You are suggesting we save the keras model's weights as pickle as provided by keras' model.save and then use dill for the network topology and later wrap it in YAML to make it readable? (I am not too familiar with dill and YAML)? What about the MZ metadata?

If a user wants to use the saved model, he'll probably have to run a script, or a function which will collect these different saved entities, build the network topology, put in the weights and the additional word-dict translation.

Do I understand correctly?

uduse commented 6 years ago

The keras trained model which include a.) weights b.) network topology c.) optimizer state

This part is correct. What I mean is to save weights as a file through keras.models.Model.save_weights and re-build the network topology (model structure) with the parameters, as long as the re-build process is deterministic, we can create a model that looks exact the same as the original one so it can load the weights file without any problem.

MZ's metadata like a.) word-index dicts b.) ??

It's not a part of a model. Either those got their own save method or the users have to do it themselves.

You are suggesting we save the keras model's weights as pickle as provided by keras' model.save and then use dill for the network topology and later wrap it in YAML to make it readable? (I am not too familiar with dill and YAML)?

Currently we use dill for the network topology, it's not really the topology itself though, but we can re-build the exact same topology with the same parameter. The parameter table is like a simple dictionary. If there's only primitive data types, then it can be directly converted to a YAML file without problem, and when you edit the YAML file, the correct change will reflect in the loading process as well. The problem is that the parameter table doesn't only contains primitive data types, it can also have things like the optimizer instance, lambdas, e.t.c., but it is definitly doable, just need more hackings.

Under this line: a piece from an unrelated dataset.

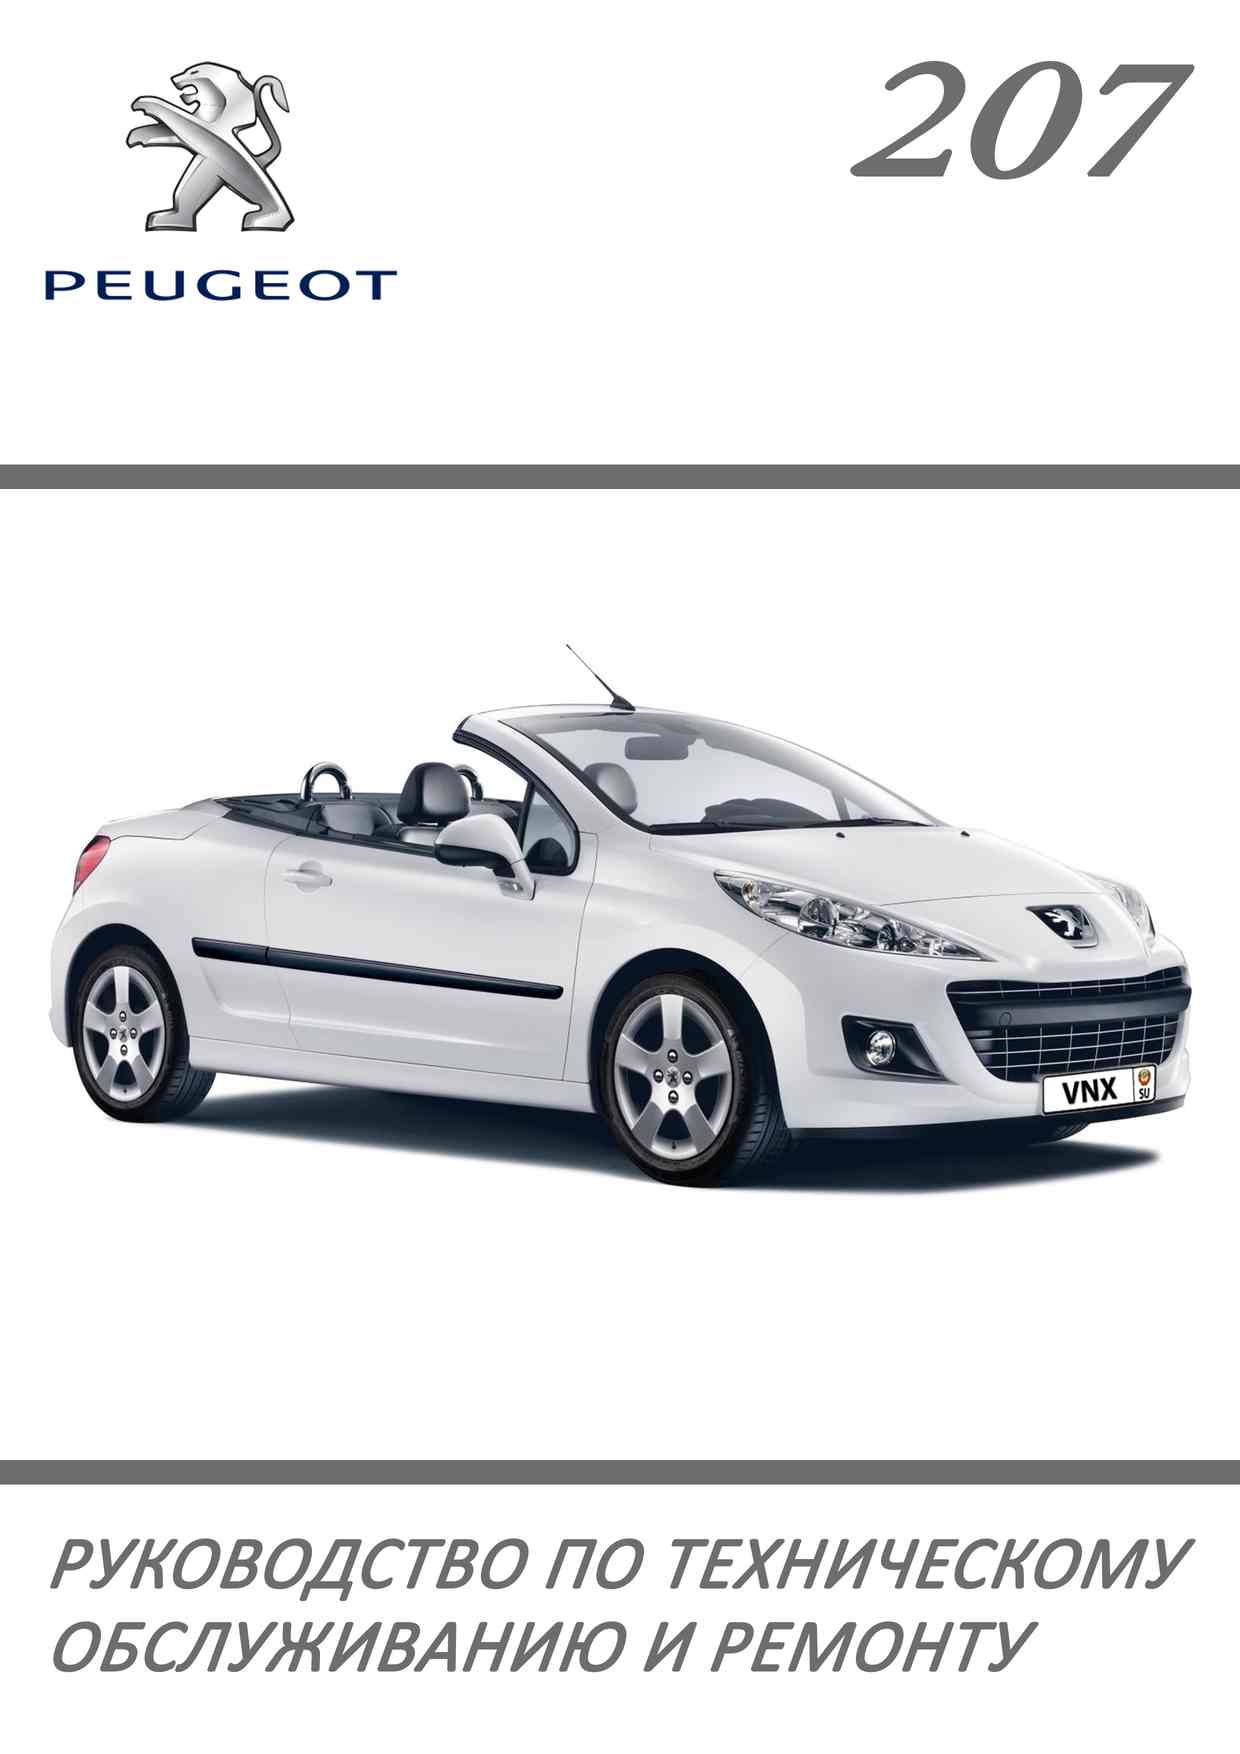 Peugeot 207 профессиональное руководство по ремонту обложка

I recommend reading the code here.

bwanglzu commented 6 years ago

Update June 25, 2018

What has been done:

  1. We finished new base_model.
  2. We finished hyper parameter tuner.
  3. We created ProcessorUnit (including several child processors) for data pre-processing.
  4. We finished DataPack implementation.
  5. We finished DSSM model
bwanglzu commented 6 years ago

Update July 25, 2018

  1. We finalized all DSSM required ProcessorUnits.
  2. We defined base_preprocessor class, all model-wise processors will inherit from this class.
  3. We designed first version of base_generator, all generators will inherit from this class.
  4. We created our first point-generator.
  5. We're working on first integration test: connect all the components together, from pre-processing to model evaluation.
  6. We solved several small bugs.
  7. We're keep working on documentation (both English & Chinese version).
  8. We're experimenting to create our website with github.io.
  9. We'll release the first quick-start, and ask user to give feedback next week.
bwanglzu commented 6 years ago

Update Aug 07, 2018

  1. We finished point-generator
  2. We're working on pair-wise generator.
  3. We finished DSSM integration test and a lot of bug fix.
  4. We created Matchzoo on Pypi, now you're able to install Matchzoo using pip install matchzoo.
  5. We craeted a quick-start guide for users.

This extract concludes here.